Despite the growing popularity, affordability, and reliability of liquid cooling, however, many other thermal management techniques are available to remove the ever-growing amount of heat generated in high-performance embedded computing systems. These techniques range from traditional conduction and convection cooling, to hybrid approaches that blend conduction and convection cooling, new heat-transfer materials, custom approaches, and good old-fashioned engineering to make the most of heat transfer in advanced computing architectures.

The heat problem

Despite the relatively mundane nature of electronics thermal management when compared to the latest powerful processors, heat represents an issue that no systems designer can ignore — and the problem grows by the day.

“Heat never sleeps. It’s harder to deal with this year than it was last year,” says Chris Ciufo, chief technology officer at General Micro Systems in Rancho Cucamonga, Calif. “The military wants to apply more processing at the tip of the spear, which means operating in harsher environments that we didn’t do even three years ago.”

As examples, Ciufo cites land vehicles that collect data by driving behind enemy lines, then downloading the data, and later deploying to deal with the problem. “Today there’s more processing in that vehicle,” Ciufo says. “It may link up with the Continental U.S., or with operators in other vehicles looking at actionable intelligence and deciding what to do with it. There are more GPGPUs, more rackmount servers, and more processing required on these sensor platforms. These trends in basic semiconductors are making heat much more difficult to deal with.”

To deal with customer demands for increased processing power on deployed military systems, embedded systems are moving to 200 Watts and more per 6U slot, and perhaps half that per 3U slot, says Ivan Straznicky, chief technology officer of advanced packaging at the Curtiss-Wright Corp. Defense Solutions segment in Ashburn, Va. “There are even chips out there dissipating in the 100-to 200-Watt range.”

The problem is growing at such a pace that within one or two years current embedded computing thermal management approaches could become inadequate to handle the heat from high-performance GPGPUs. “By then we probably will run out of headroom with the ANSI/VITA 48 and conduction-cooling standards,” Straznicky warns.

The cooling demands of high-performance CPUs are not far behind. “The last two or three years have been extraordinary in the amount of power the Intel Xeon processors can dissipate,” says Crystal Group’s Shaw. “Customers are very interested in having that core speed and that number of cores for parallel processing in mission-critical systems.

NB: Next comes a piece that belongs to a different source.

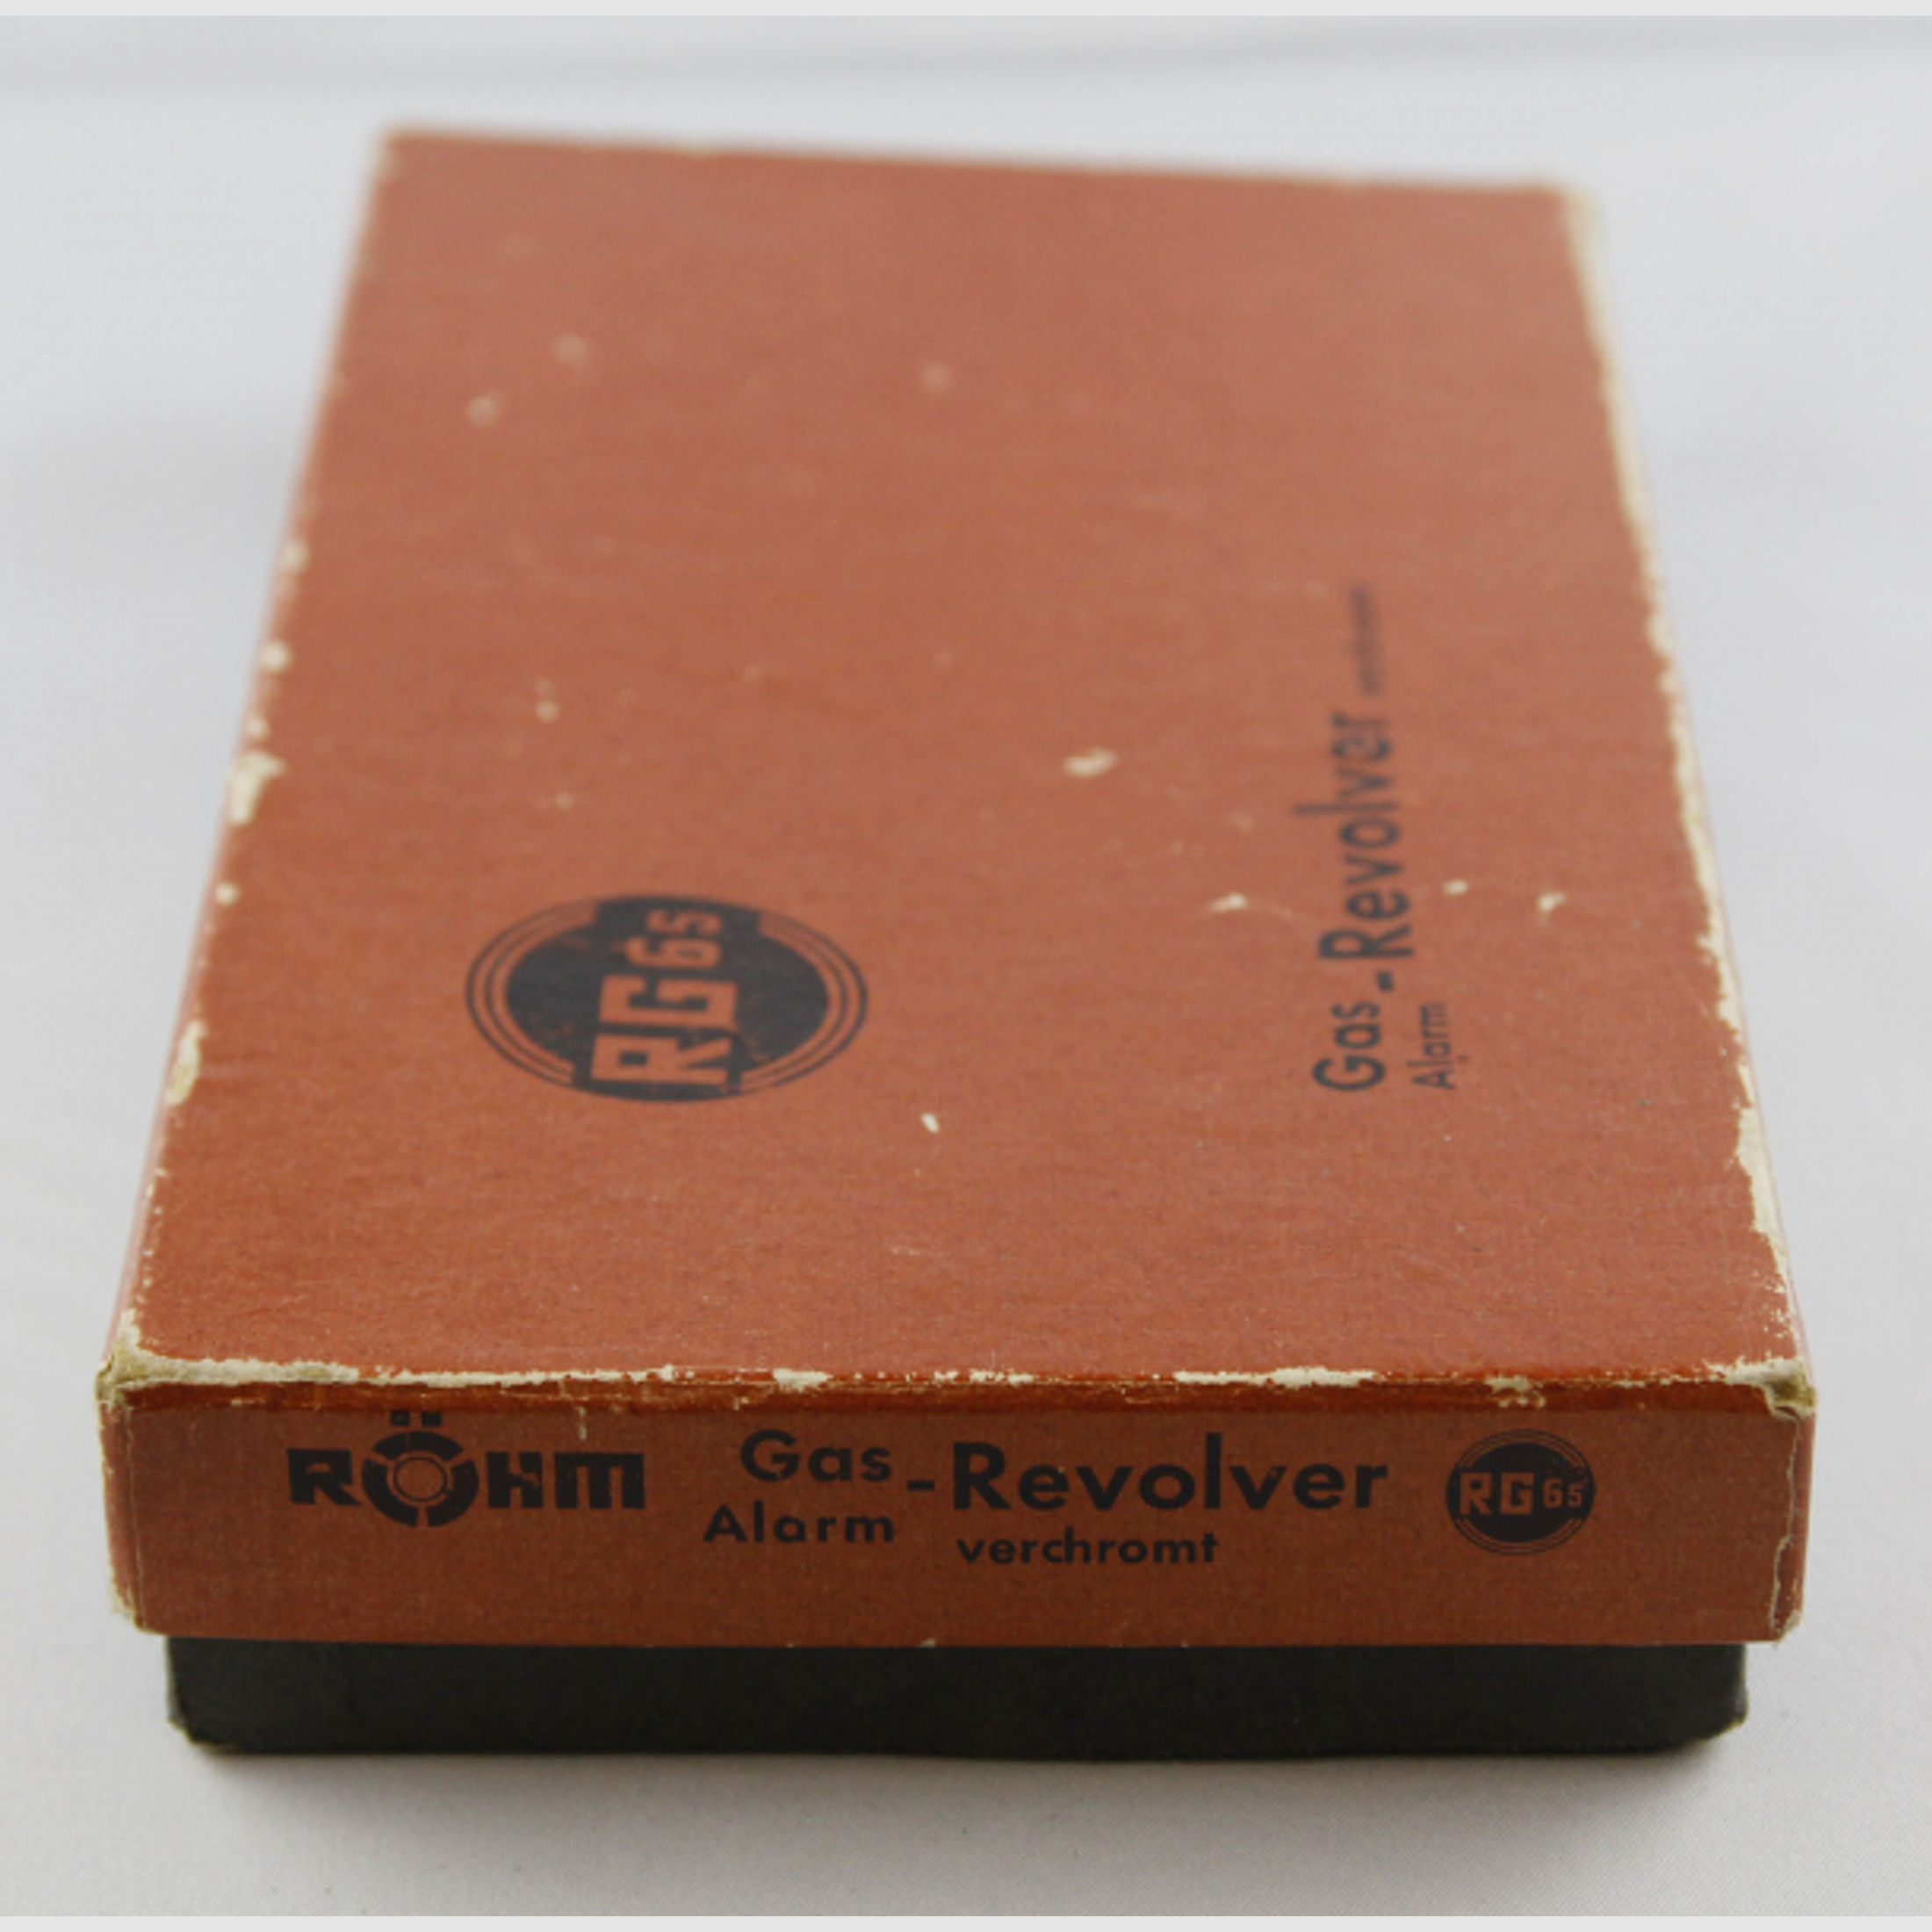 Röhm Revolver RG 6 S Vernickelt in Originalkarton

We’re talking about 250-Watt CPUs in a relatively small space.”

Also driving demands for powerful processing components in embedded computing are interest in artificial intelligence and machine vision, which use many NVidia GPGPUs. “Combine that with the CPU challenge, and all of a sudden you hare in a whole new category in thermal management challenges, while trying to keep system size and weight under control,” Shaw says.

“We are not at a crisis point yet, but there is continued appetite for high-end GPGPUs, where the chip itself will dissipate 200 Watts,” says Mercury’s McQuaid. “Combining GPGPUs and CPUs on a board, and increasing the speed of Ethernet, and now you have to think about cooling those switches themselves. In the transition from optics, the transceivers require more cooling, which will push the cooling envelope.”

Liquid to the rescue

Fortunately, increasing pressures for thermal management in embedded computing are coming at the same time as increasing accessibility of liquid cooling, which removes heat either by flowing liquid near hot components, or channeling liquid through system cold plates to quicken the removal of heat.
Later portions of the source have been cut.